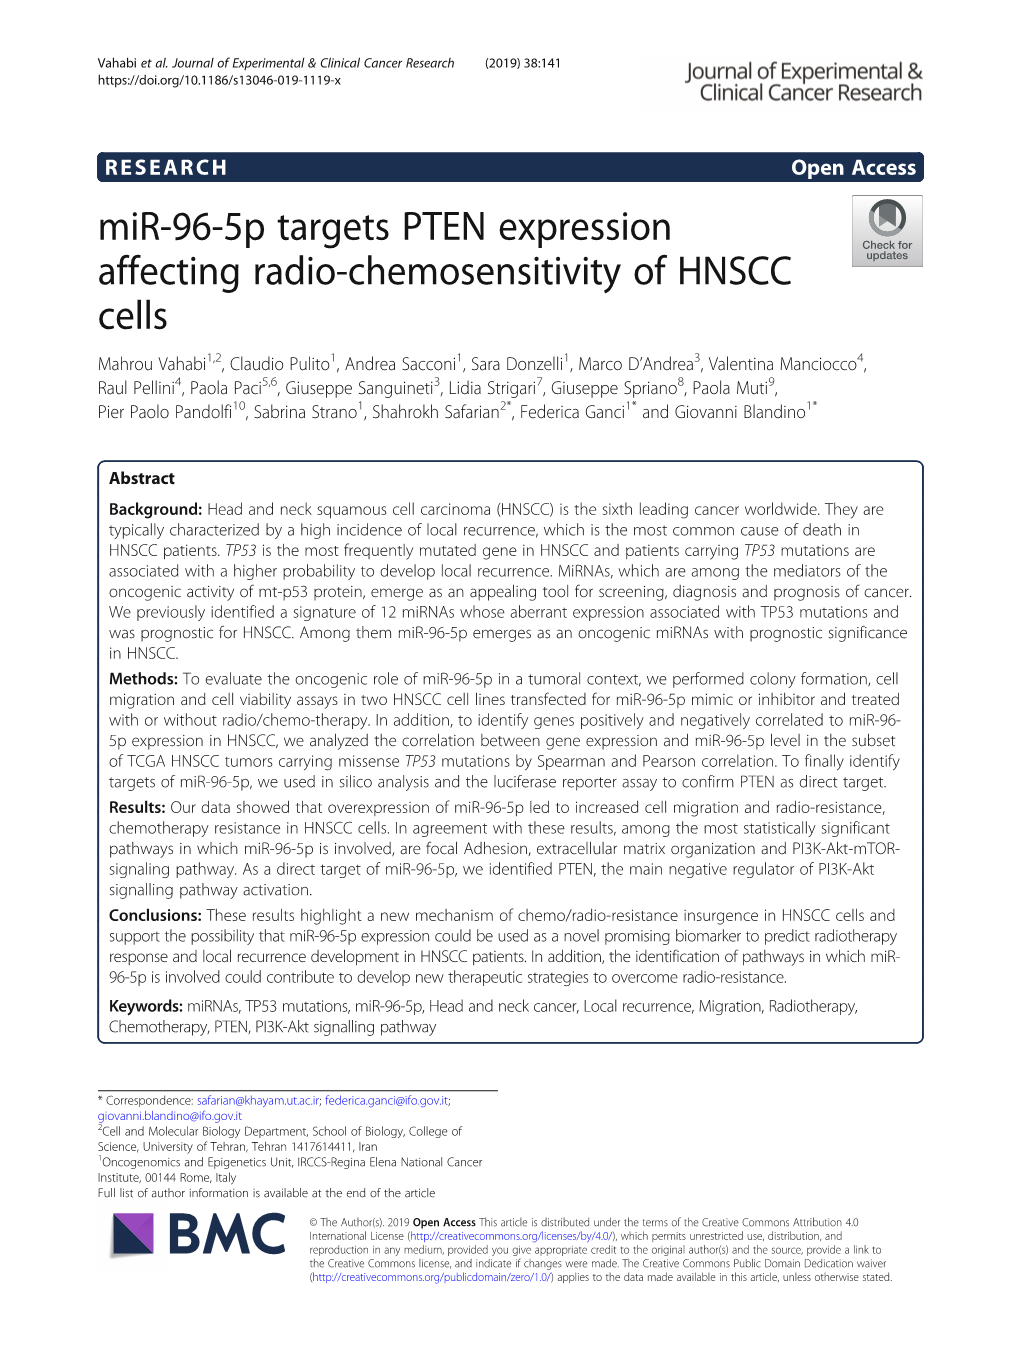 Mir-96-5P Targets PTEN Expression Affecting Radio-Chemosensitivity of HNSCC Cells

--

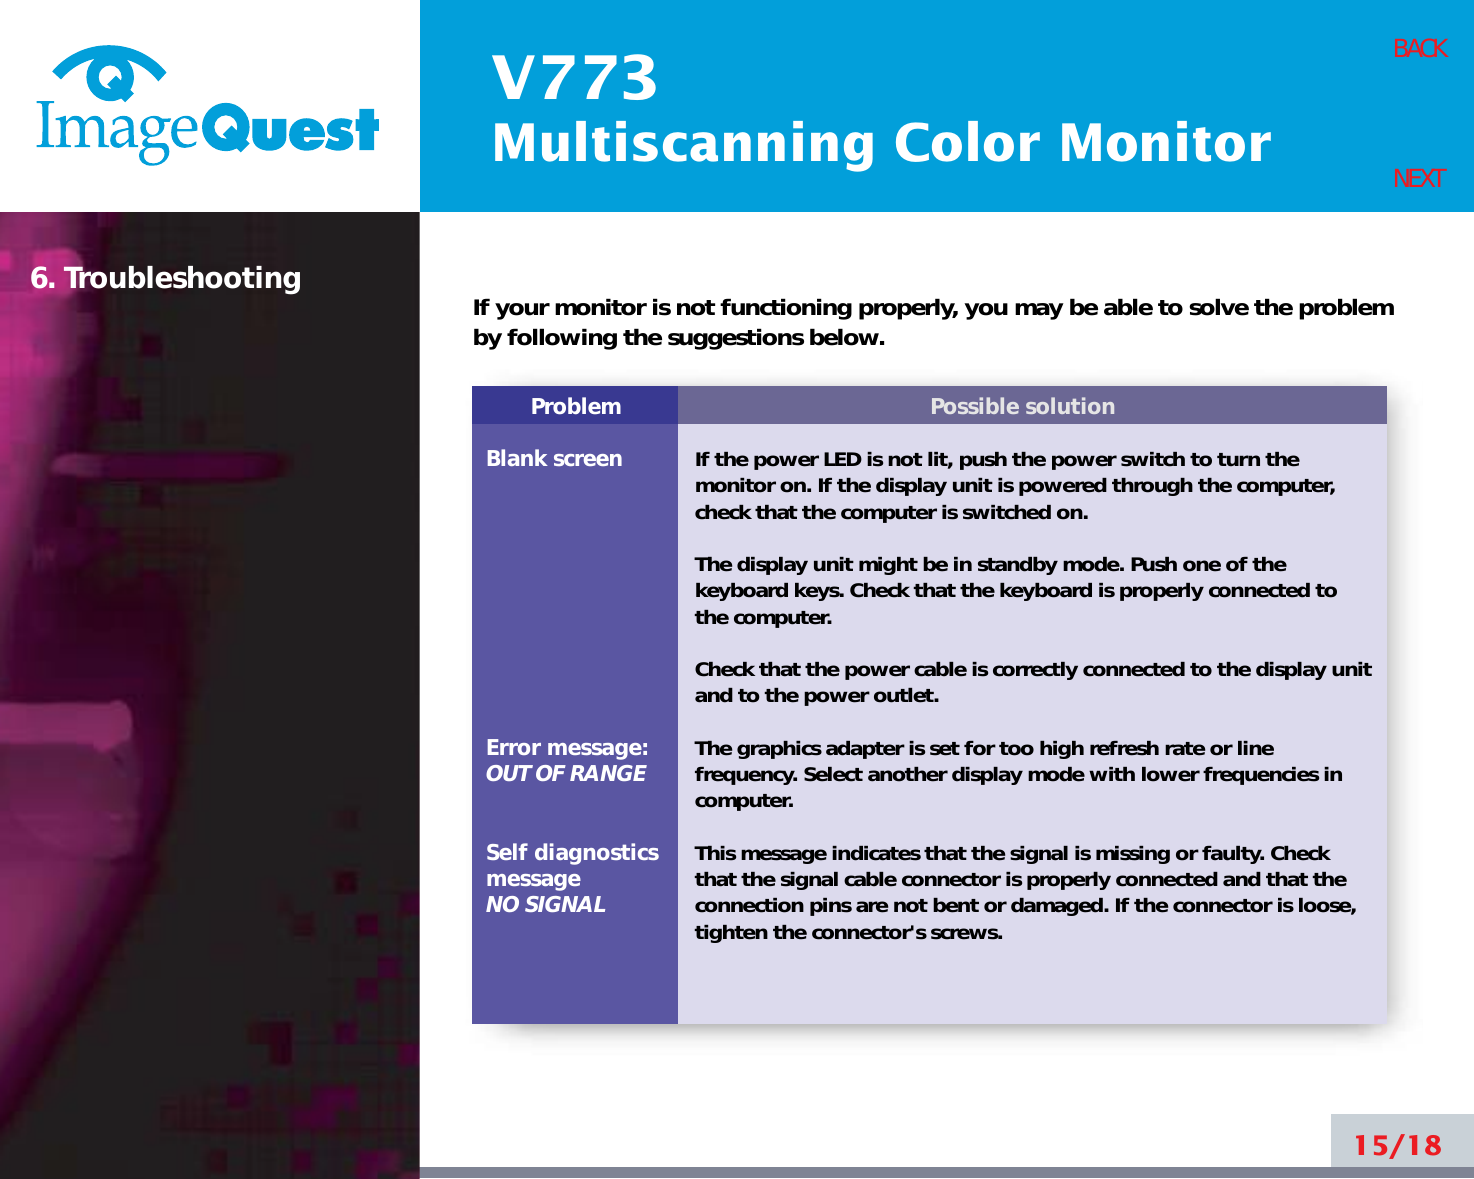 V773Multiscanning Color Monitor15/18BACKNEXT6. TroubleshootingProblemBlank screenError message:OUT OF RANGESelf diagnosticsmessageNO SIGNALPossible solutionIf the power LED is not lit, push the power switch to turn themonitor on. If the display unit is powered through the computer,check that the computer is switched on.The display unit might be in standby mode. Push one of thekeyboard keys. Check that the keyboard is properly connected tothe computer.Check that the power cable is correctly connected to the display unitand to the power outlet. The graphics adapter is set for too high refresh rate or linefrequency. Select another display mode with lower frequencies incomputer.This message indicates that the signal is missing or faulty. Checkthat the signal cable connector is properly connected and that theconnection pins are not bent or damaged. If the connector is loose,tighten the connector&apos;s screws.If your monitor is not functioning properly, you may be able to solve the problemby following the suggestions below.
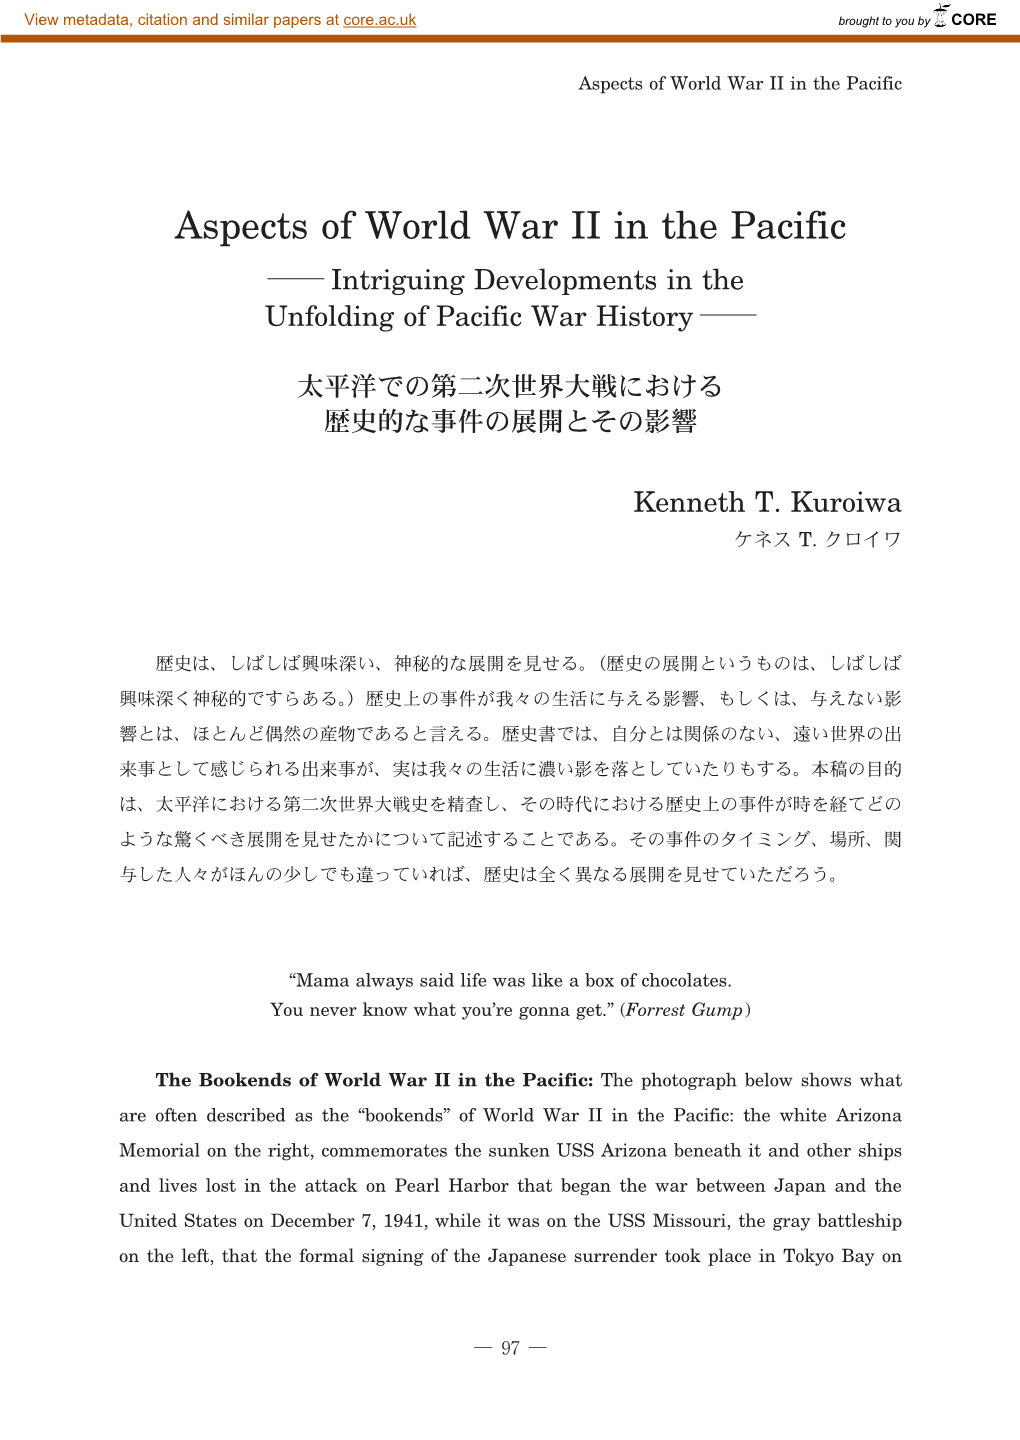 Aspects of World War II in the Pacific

Task to complete - Above, find the line with "V773Multiscanning Color Monitor15/18BACKNEXT6."; copy it and every line down to the line with "Aspects of World War II in the Pacific", exactly and both included, but no pictures.

Exercise output -
 V773Multiscanning Color Monitor15/18BACKNEXT6. TroubleshootingProblemBlank screenError message:OUT OF RANGESelf diagnosticsmessageNO SIGNALPossible solutionIf the power LED is not lit, push the power switch to turn themonitor on. If the display unit is powered through the computer,check that the computer is switched on.The display unit might be in standby mode. Push one of thekeyboard keys. Check that the keyboard is properly connected tothe computer.Check that the power cable is correctly connected to the display unitand to the power outlet. The graphics adapter is set for too high refresh rate or linefrequency. Select another display mode with lower frequencies incomputer.This message indicates that the signal is missing or faulty. Checkthat the signal cable connector is properly connected and that theconnection pins are not bent or damaged. If the connector is loose,tighten the connector&apos;s screws.If your monitor is not functioning properly, you may be able to solve the problemby following the suggestions below.
 Aspects of World War II in the Pacific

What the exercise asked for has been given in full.